Forbes.com wrote an article back in 2009 about the Self Help industry from the standpoint of what people continue to pay for even during an economic downturn. Forbes quoted Brian Tracy, "People keep buying because they like to feel like they're improving themselves." Brian is a head of a self help book and seminar business. Notice how he says "because they like to feel" and not "because they are". This is just one article on one website but I think it pretty much summarizes why and how the self help industry gets so much money. You can read the entire article here.

Now, I am not advocating making the self help industry illegal. They are not forcing people to give them money. And for the most part they aren't really even lying or committing fraud. I believe in a free market and if people continue to give money to a non-fraudulent business that's their issue. I just hope that my blog encourages women to stop giving their hard earned money to programs they really don't need.

It's Just Problem Solving, People!

The self help industry's lack of teaching practical skills is just one thing they get wrong. They also assume that what worked for them will work for everyone else. Self Help gurus are extremely good at telling you the problems they had, the struggles they went through and then, that simple epiphany, where everything made sense to them and they were able to turn their life around. What they are really describing is problem solving. Plain and simple.

Every woman has the innate ability to problem solve. You might be out of practice but you have all the resources you need... namely... your brain. You have the same ability to look at your life and figure out what you want to improve and then figure out what you need to do in order to improve it.
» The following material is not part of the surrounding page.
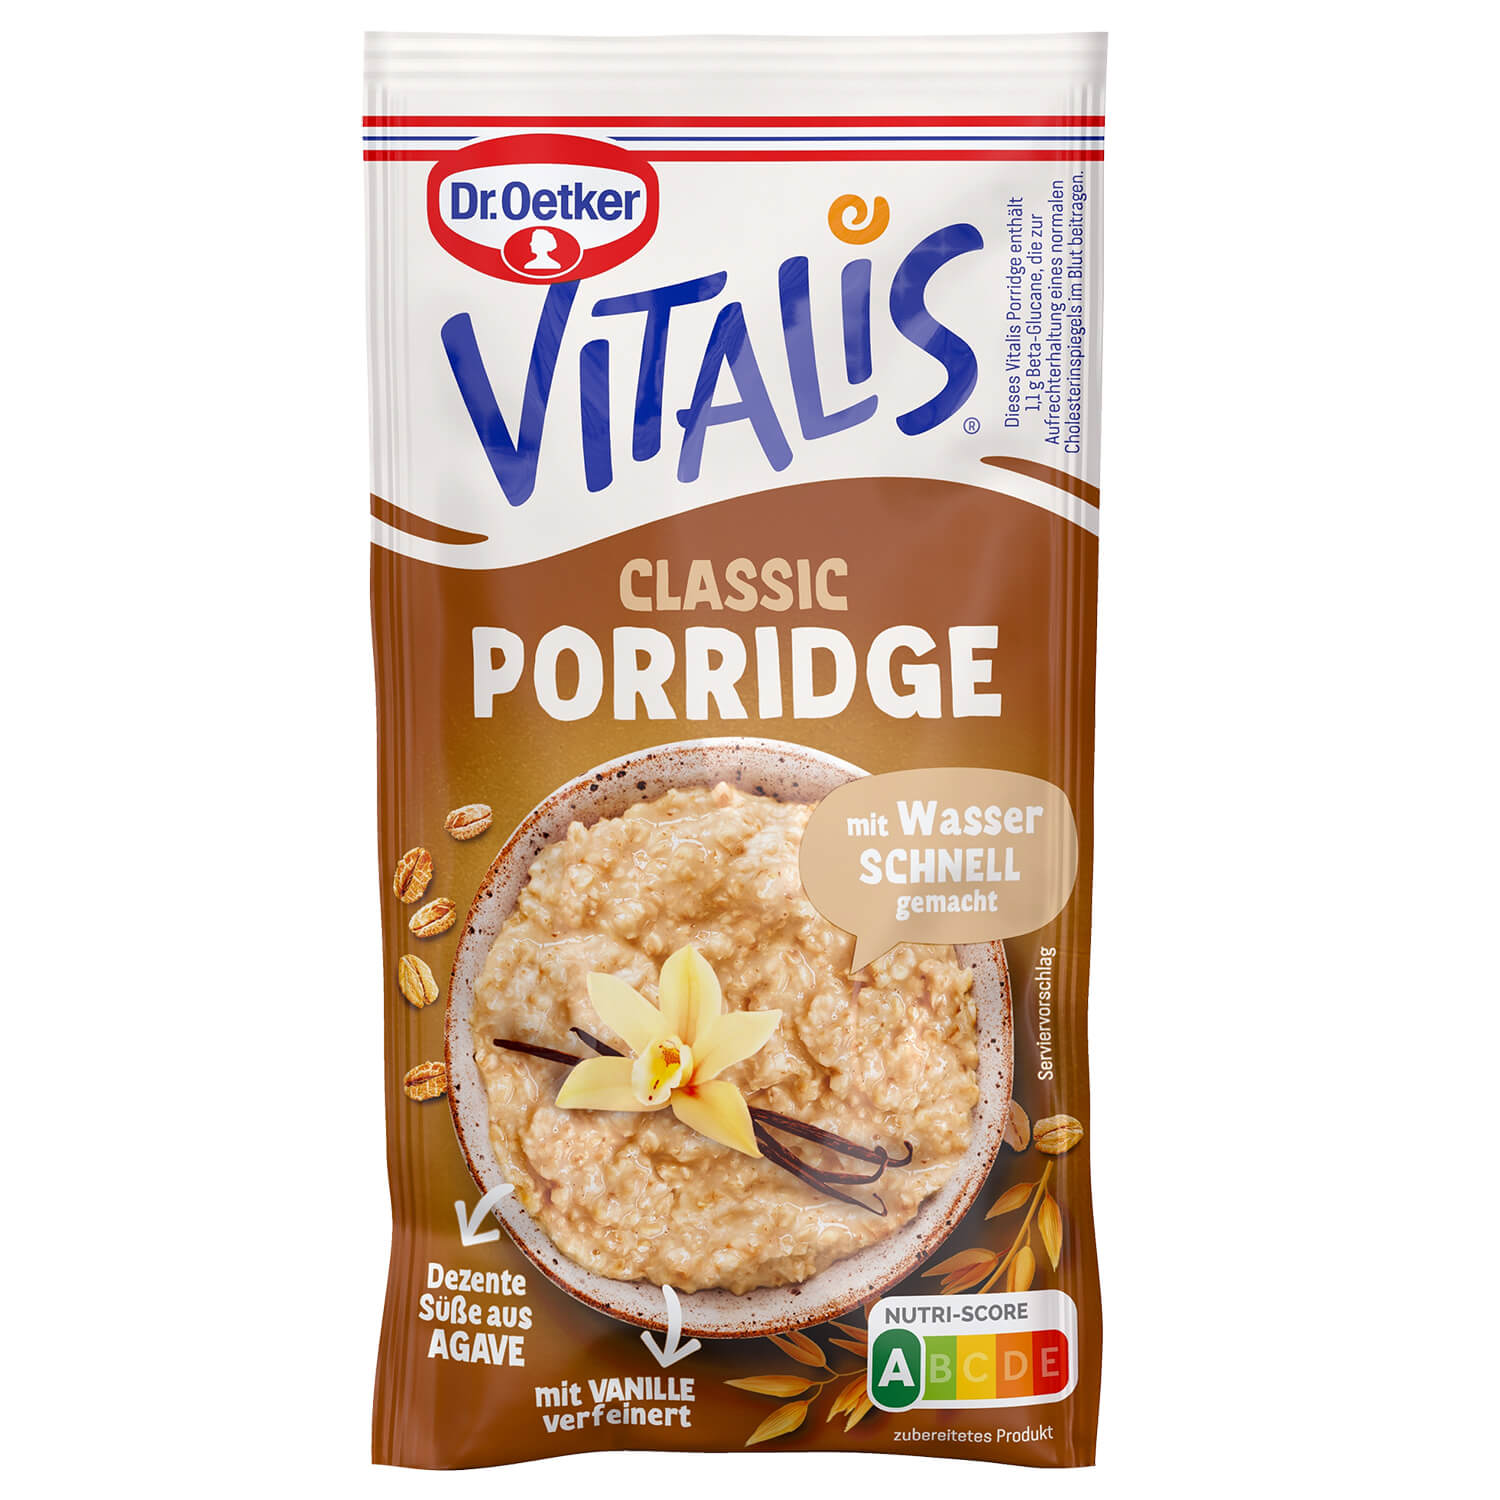 Dr. Oetker Vitalis Porridge Classic 58g Beutel

When the gurus tell you about their epiphanies and stories of success it all sounds magical and mysterious. But it's really nothing more than the classic Brain vs. Problem.
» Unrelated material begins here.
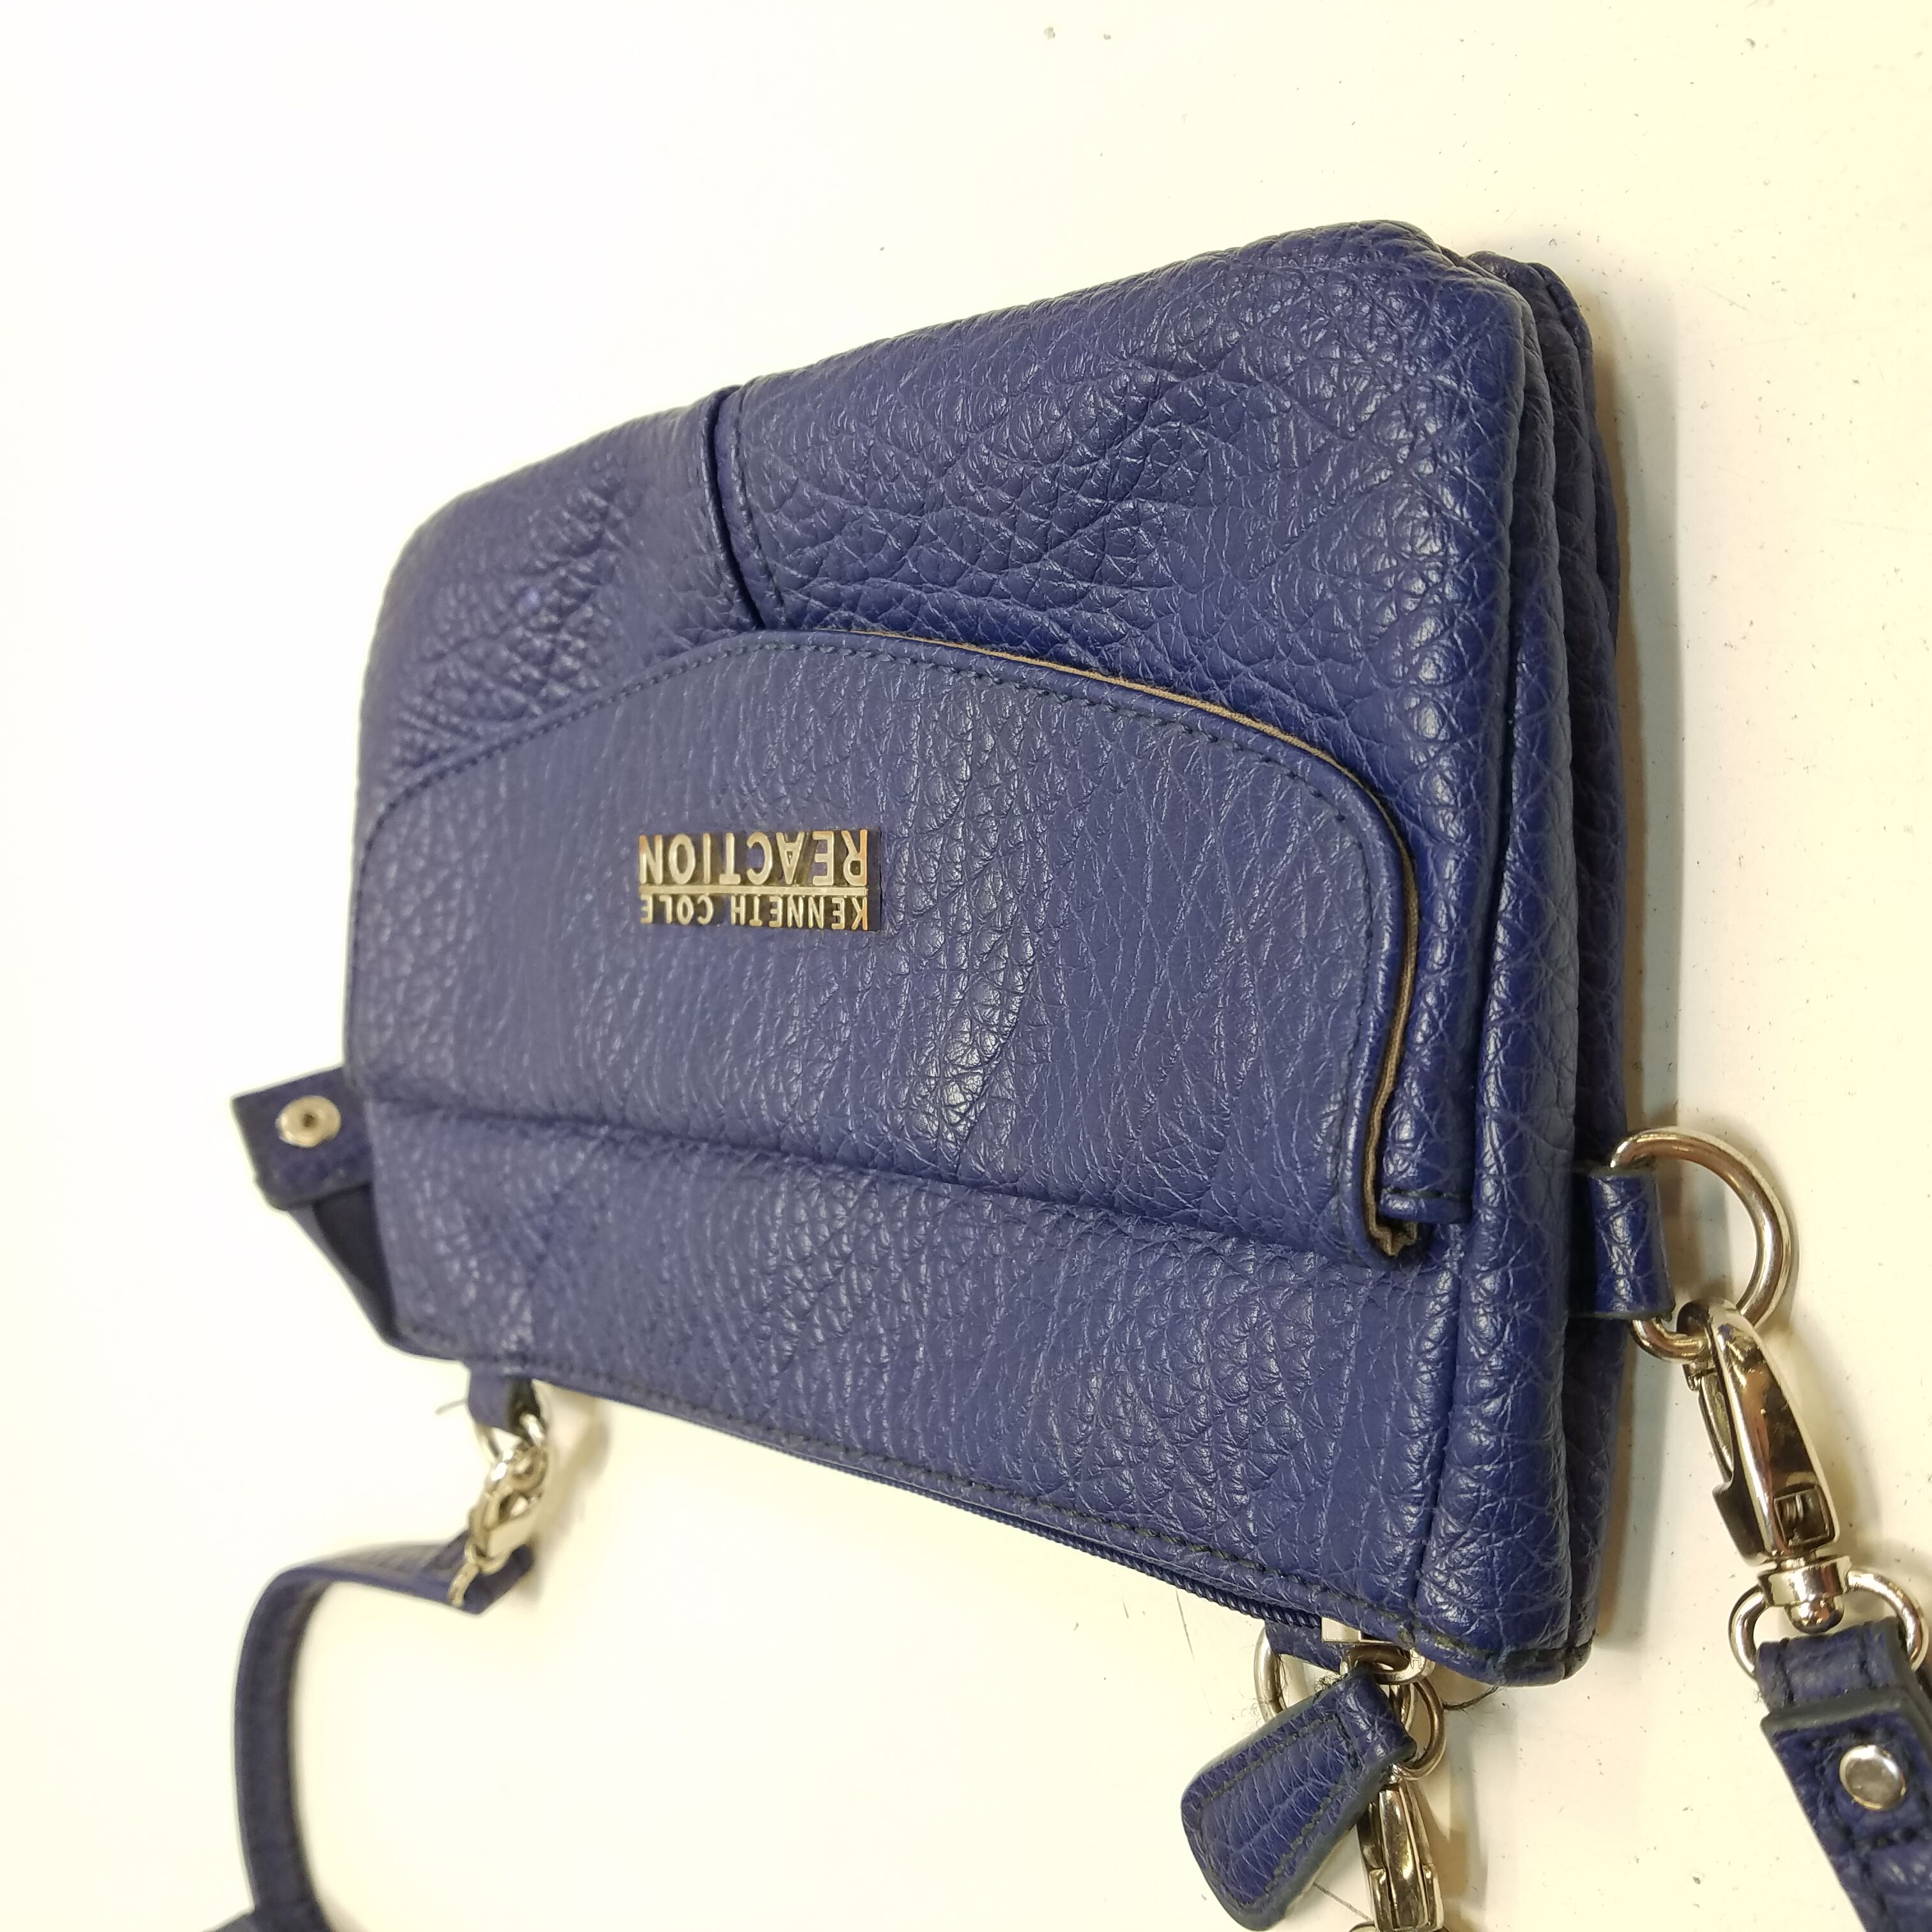 Buy Blue Handbags for Women by BAGSY MALONE Online | Ajio.com

You Aren't Broken, You're Just Human

The self help industry's biggest mistake is making millions, perhaps billions, of people feel like there's something wrong with them. Most women want to improve themselves. Who wouldn't? It's human nature to strive for more. It's also human nature to not be perfect.

You are not broken because you can't meditate or don't know how to "think positively to achieve your goals". First of all, while meditation can be a stress reliever, it's not the only stress relieving tool available to you. And secondly even if you could meditate or "think positively" you are still going to have to do a lot more to make whatever improvement you want to make. The self help industry shows you things that most humans don't know how to do in the first place and then scolds you for not knowing how to do it yourself.

If you want to learn how to meditate or think positively because you believe that it's a tool that can help you to your goals, that's fine. Just don't spend time and money on these things just because some self help guru told you to.


I wish the self help industry would understand that there's no magic pill for life. Humans don't fall neatly into a one-size-fits-all box. And we aren't broken, damn it!